Data analysis occurred concurrently with data collection. AK coded and analyzed the data independently, as is customary in phenomenological studies, but also discussed results with JEMS (an experienced qualitative researcher) and coauthors throughout the study. Data analysis followed the steps outlined by Giorgi [24]. Transcripts were first read in full in order to achieve immersion in participants’ experiences. Transcripts were then reread and statements that conveyed the meanings of participants’ lived experiences were documented as meaning units (codes). Following this, codes relevant to the research objective were grouped together into themes. These themes were then reviewed, exploring the relationships between them, considering negative cases, and viewing them from the perspective of the research question, to propose an essential structure of the experience of older adults with asthma or COPD with mHealth. Direct quotations were included to support the analysis [29].

Strategies to Leverage Qualitative Findings

Following our qualitative analysis, we summarized our findings related to older adults’ use of airway mHealth, and proposed (post hoc) potential strategies to leverage these findings in future mHealth research interested in optimizing older adults’ use of airway mHealth.

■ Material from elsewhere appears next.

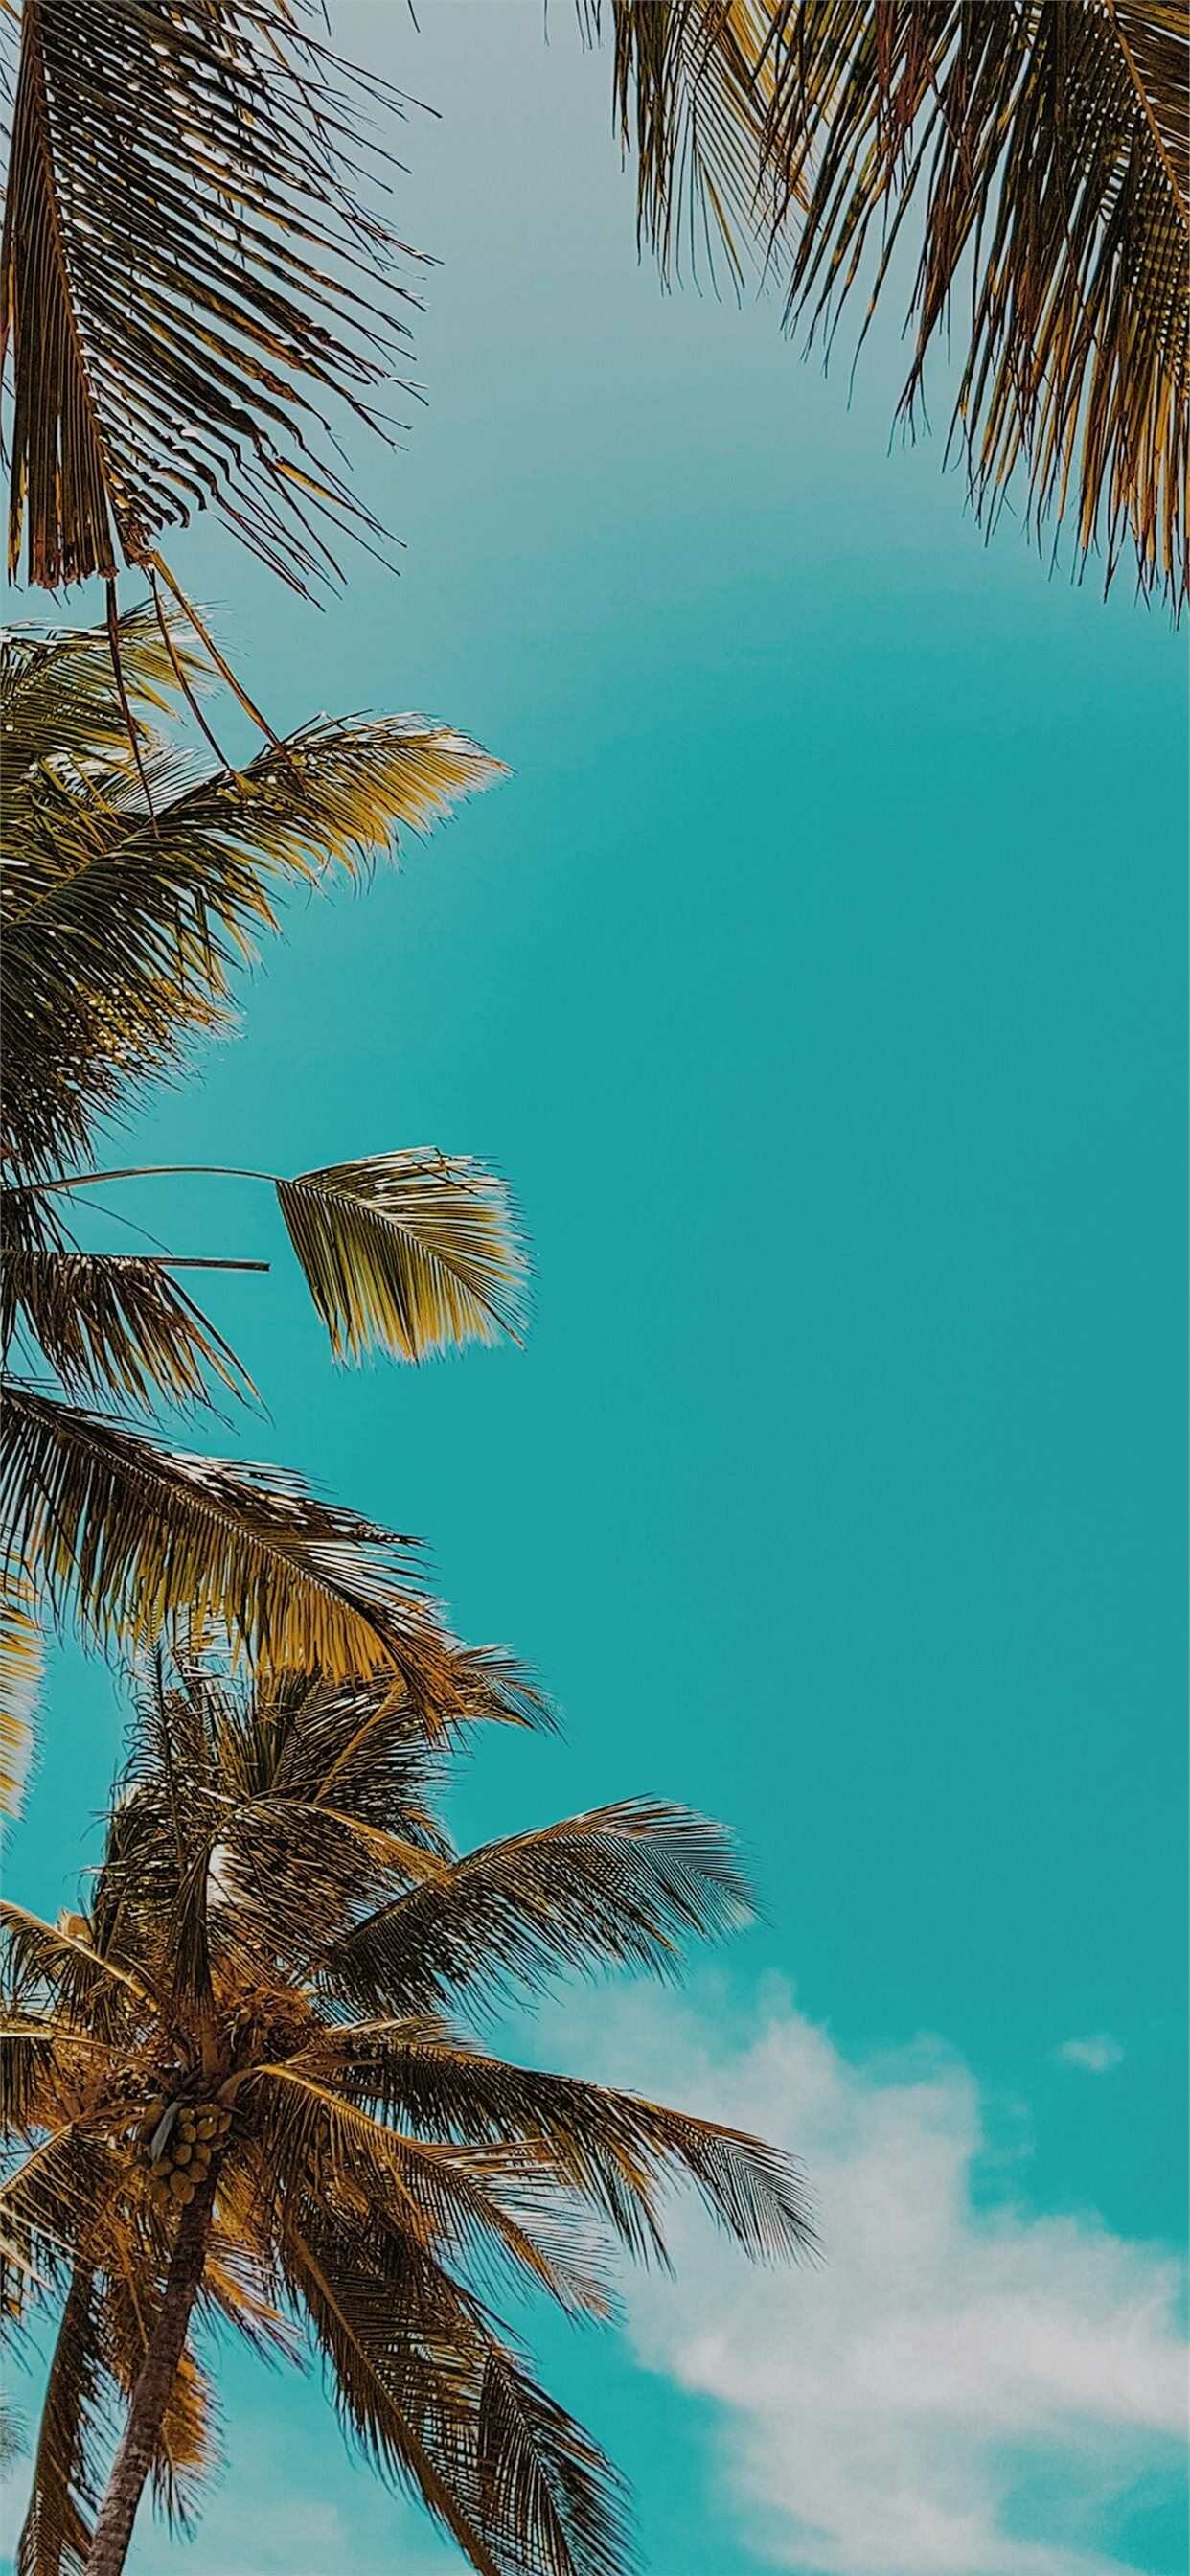 Summer: Hot days, Summering at tropical island paradise. 1250x2690 HD Wallpaper.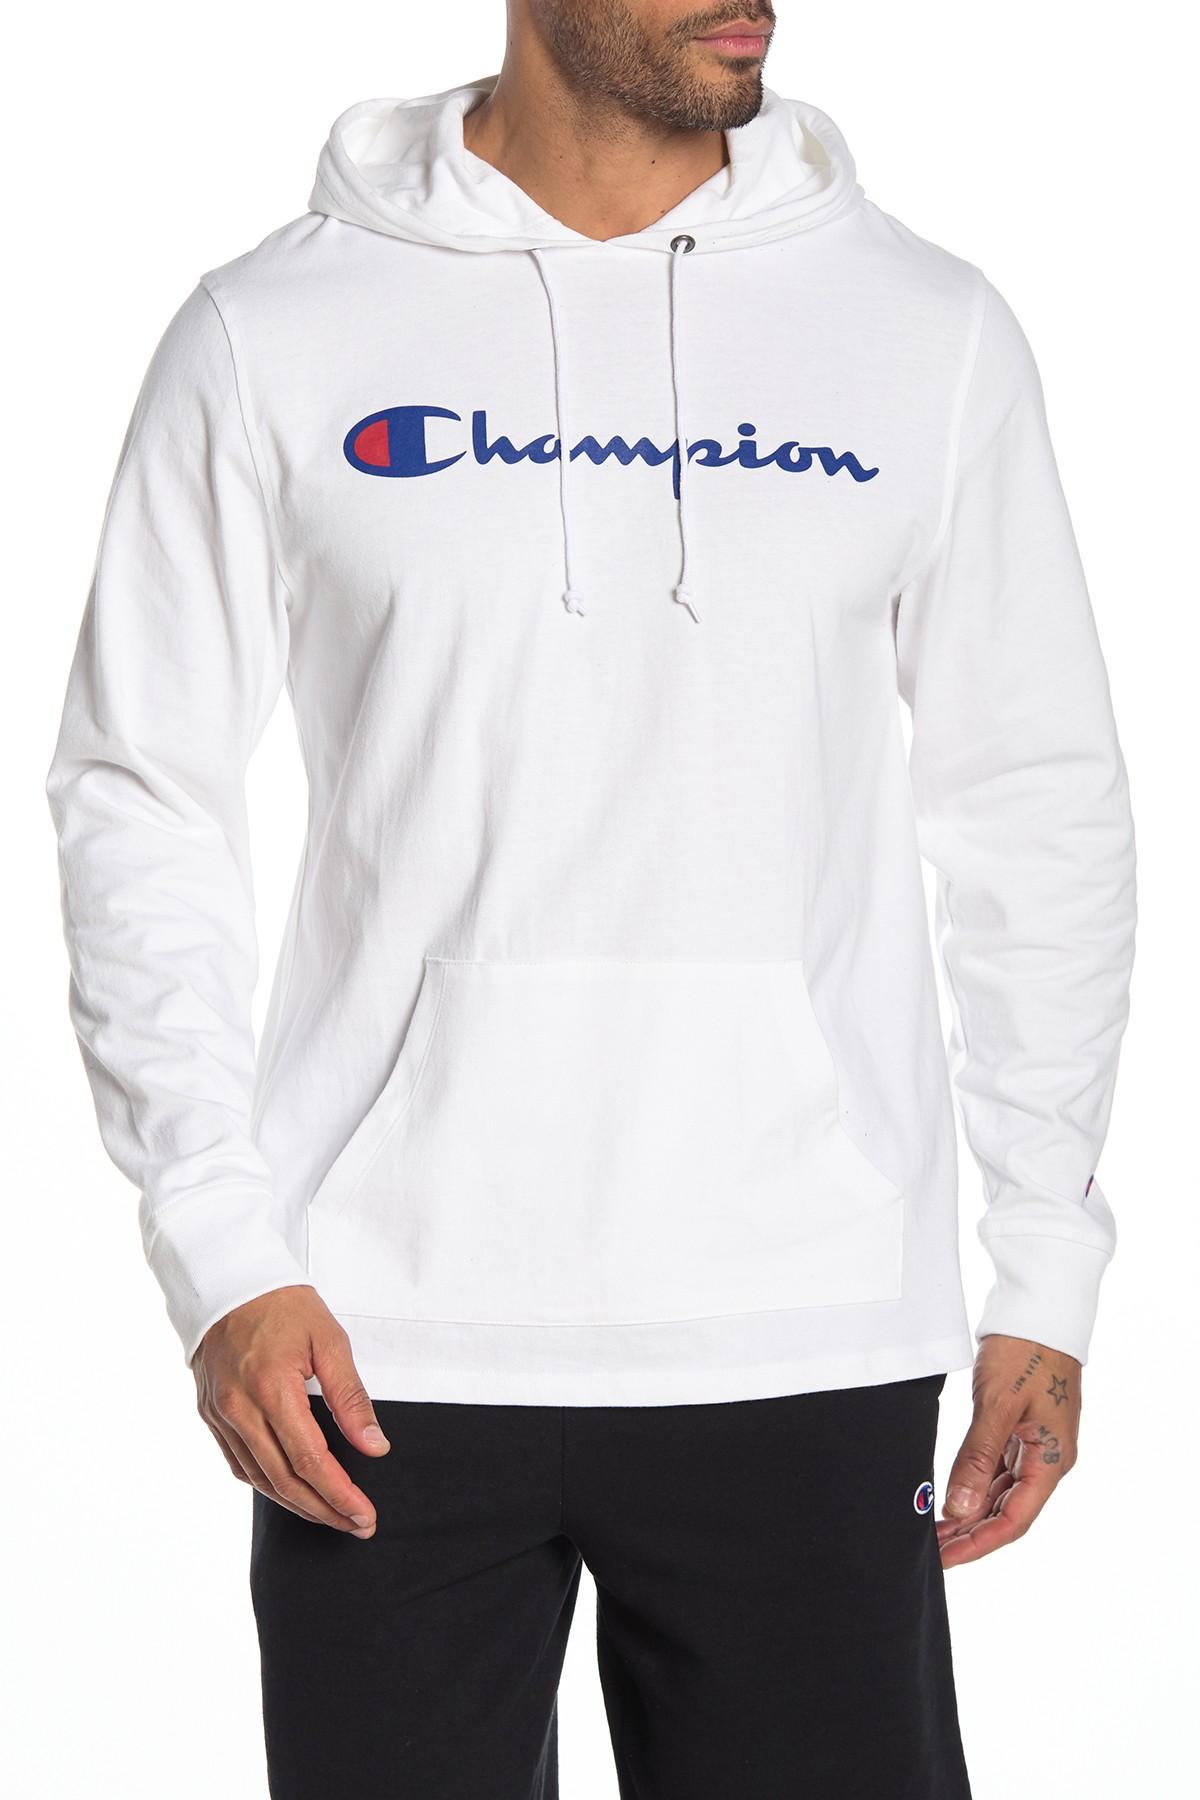 Champion Logo Hooded Sweatshirt in White for Men - Lyst

Strategies were developed using the Expert Recommendations for Implementing Change (ERIC) project list of implementation strategies [30].

Ethics Approval

This study was reviewed and approved by the Research Ethics Board at St. Michael’s Hospital, Unity Health Toronto (REB# 20-020). Informed consent was obtained prior to enrolling study participants, describing the minimal risk associated with qualitative research participation. Participant data were deidentified and stored on a local secure server. A grocery gift card for CAD $50 (US $37.81) was provided to participants.


We contacted 35 potential participants, and among them, 20 agreed to be interviewed. Among the 15 who did not participate, 5 did not own a smartphone, and the remaining 10 did not return messages. By the 17th interview, we assessed that we had attained data saturation but completed 3 additional interviews (20 total), to determine that no new themes were developed. All participants were home for the interviews, of which 15 (75%) were in video format and 5 by telephone.

The mean age of participants was 79.8 (range 73-91) years. Participants were balanced between sex and airway diagnosis, predominantly used controller inhalers with infrequent reliever use, were university or college educated, and living in urban areas. Most participants owned both a smartphone and tablet device, which they used daily. Participants predominantly used their devices to search the Internet for asthma and COPD information, such as symptoms and treatment options, medication information, and breathing exercises. Some used preinstalled apps to track daily step counts, provide medication reminders, and record personal health information, but they were generally unaware of other downloadable apps specific to asthma, COPD monitoring, or management. Digital devices used included activity trackers (eg, Fitbit watches), digital oximeters, and digital blood pressure monitors. Other than the oximeter, mHealth devices discussed were used for nonrespiratory purposes. See Table 1 for full demographic details.

Two themes characterized the essence of participants’ experiences with mHealth: (1) mHealth was a means of maintaining independence and (2) apprehension was expressed toward a changing technological health care landscape. See Tables S1 and S2 in Multimedia Appendix 1 for a complete list of representative quotes. There were no clear trends based on participant sex or airway diagnosis for either theme.

Table 1. Participant characteristics (N=20).
Age (years)

Mean (SD)79.8 (4.4)

Female, n (%)10 (50)
Airway diagnosis, n (%)

Asthma9 (45)

COPDa8 (40)

Asthma and COPD3 (15)
Years since airway diagnosis

Mean (SD)19.9 (11.2)

Rescue inhaler use, n (%)

≤2 times per week17 (85)

≤2 times per week3 (15)
Controller inhaler use18 (90)
Education level completed, n (%)

Elementary school1 (5)

High school3 (15)

College or trade school5 (25)

University11 (55)
Geographical location, n (%)

Urban17 (85)

Rural3 (15)
Mobile devices owned, n (%)

Smartphone20 (100)

Tablet16 (80)

Digital activity tracker4 (20)

Digital oximeter1 (5)

Digital blood pressure monitor1 (5)
Frequency of use of mobile devices, n (%)

Frequently (a few times a day)18 (90)

Sometimes (a few times a week)2 (10)
mHealth uses, n (%)

Searching the internet for health-related information15 (75)

mHealth apps6 (30)

mHealth peripheral devices6 (30)

No mHealth use3 (15)

aCOPD: chronic obstructive pulmonary disease.

Self-Monitoring With mHealth Was a Means of Maintaining Independence

mHealth was perceived by participants as a tool that could help them maintain their independence. This was reflected in several ways. First, the convenience and accessibility of using mobile devices to search for or track health information was commonly discussed (n=13). Participants appreciated that health information could be searched for immediately when desired, noting: “The phone, it’s just clearly the most convenient tool. I normally have it with me” (ID 6), and “with my iPhone or whatever you call it, if I want to know something’s an easy way to find it out” (ID 9). They also emphasized the portability of their mobile devices: “Because you can do it anywhere, anytime, anywhere you want because you just’s in your pocket” (ID 14).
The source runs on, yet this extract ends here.